My Secret Radio

by Michael Hallock

Release date, 18 January 2022

My Secret Radio relates the story of a man on a lifelong journey to find meaning. It touches many genres with themes including 1960s establishment racism, casual drug crime, and long-buried family secrets. A shifting Southern political backdrop frames the adolescence of the protagonist, Bill Schaffer, whose adult life as a philosophy professor is riddled with complications.

Bill Schaffer is well-read, affable, and noble. If he is pedantic, it is characteristic of this meticulous novel. No event is without deeper meaning; references to music, literature, and philosophy proliferate. Bill is the type who looks below the surface. But he lacks personal grit and determination. Moved only by the actions of the supporting cast (themselves two-dimensional tropes), Bill’s meandering path feels static.
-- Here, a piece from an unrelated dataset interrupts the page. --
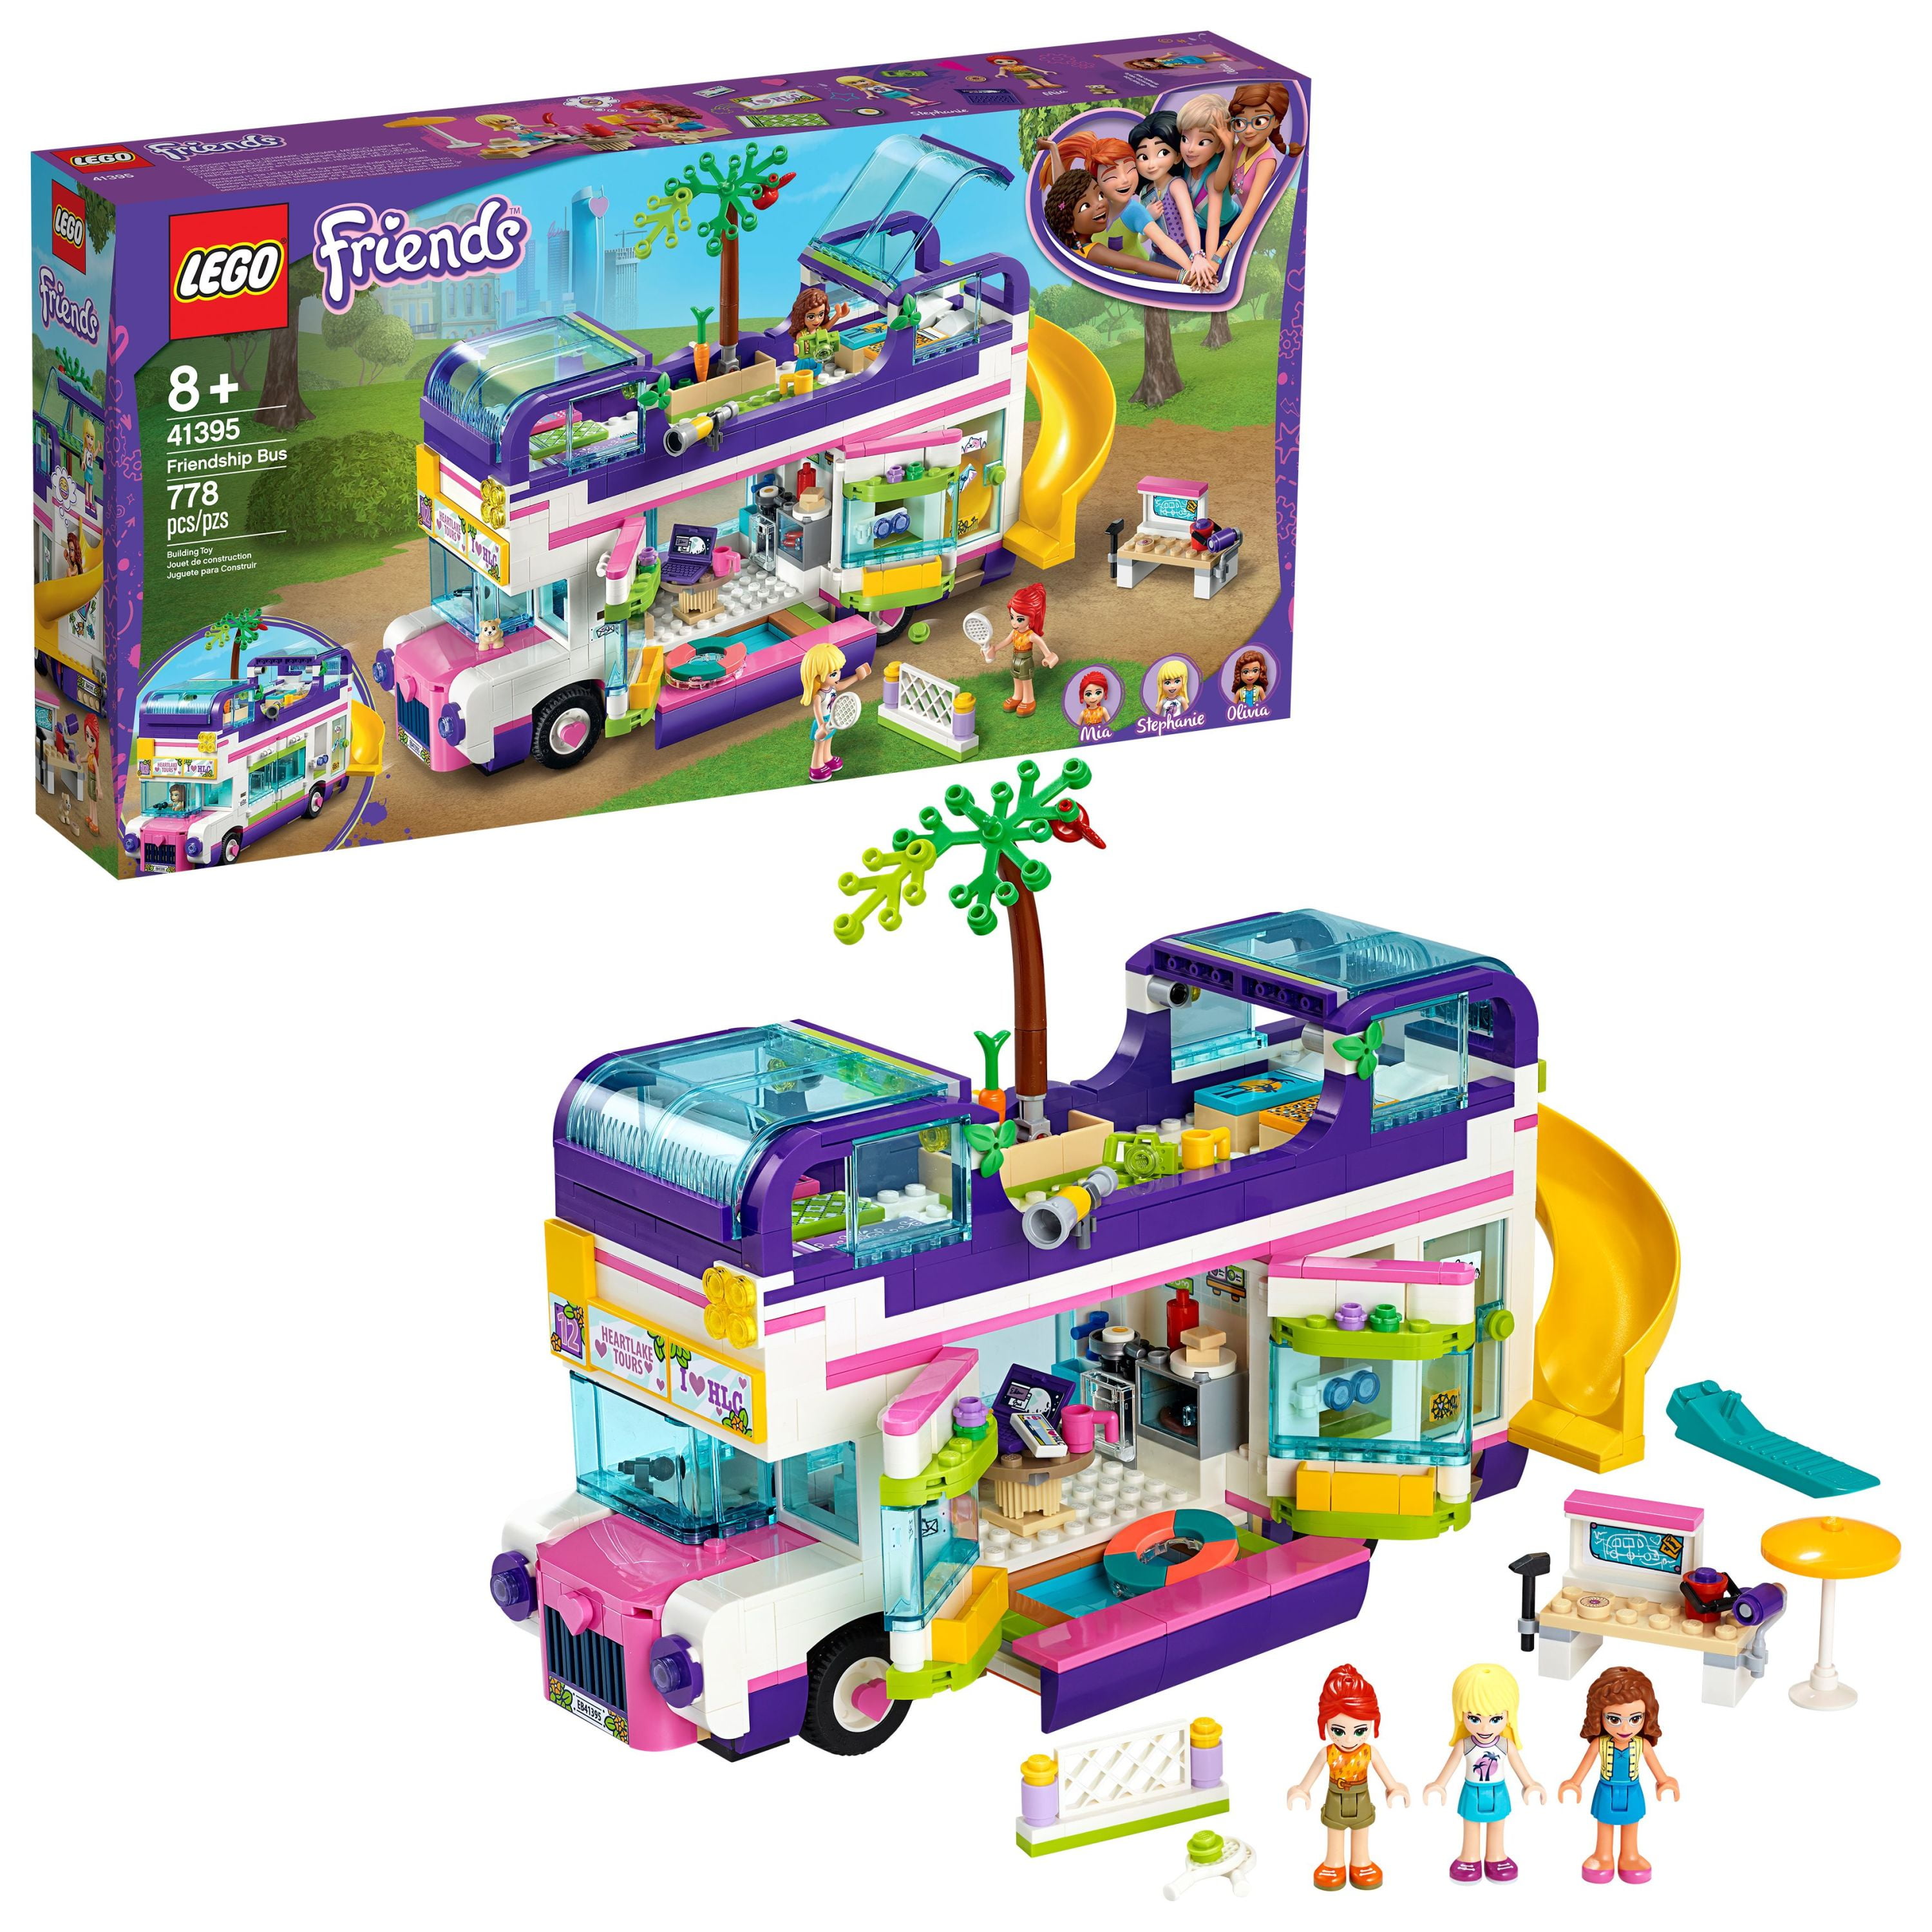 LEGO Friends Friendship Bus 41395 LEGO Heartlake City Playset Pieces) - Walmart.com

With 468 pages of his journey to follow, My Secret Radio may be a steep hill for many readers to climb.

While Bill, at every stage of his life, presents himself as reasonable and well-intentioned, he is little more than a sounding box for attitudes reaching the mainstream in the mid-20th century. Though he counts himself progressive in his hometown, Bill doesn’t take part in meaningful social change, content to intellectualize and condescend. Present day, Bill doesn’t notice equivalent modern movements. He is a saint when he keeps a promise not to out a gay classmate. He’s gormless when he covers up for a double-murder committed by a friend.

Hallock buries much of what might shine in My Secret Radio. He combines genres into a mash-up of crime, mystery, romance, and philosophical treatise. Bill Schaffer’s story loses the fight against a barrage of period details, philosophical affectations, and gossipy women. Bill’s intellectualism makes him as intractable as the worst Hopperton, GA hypocrites. His personal life of disappointment and divorce are as inevitable as his abetting a murder is unbelievable. Bill’s tragedy is that a lifetime of knowing better than everyone else doesn’t comprise a fully functioning novel.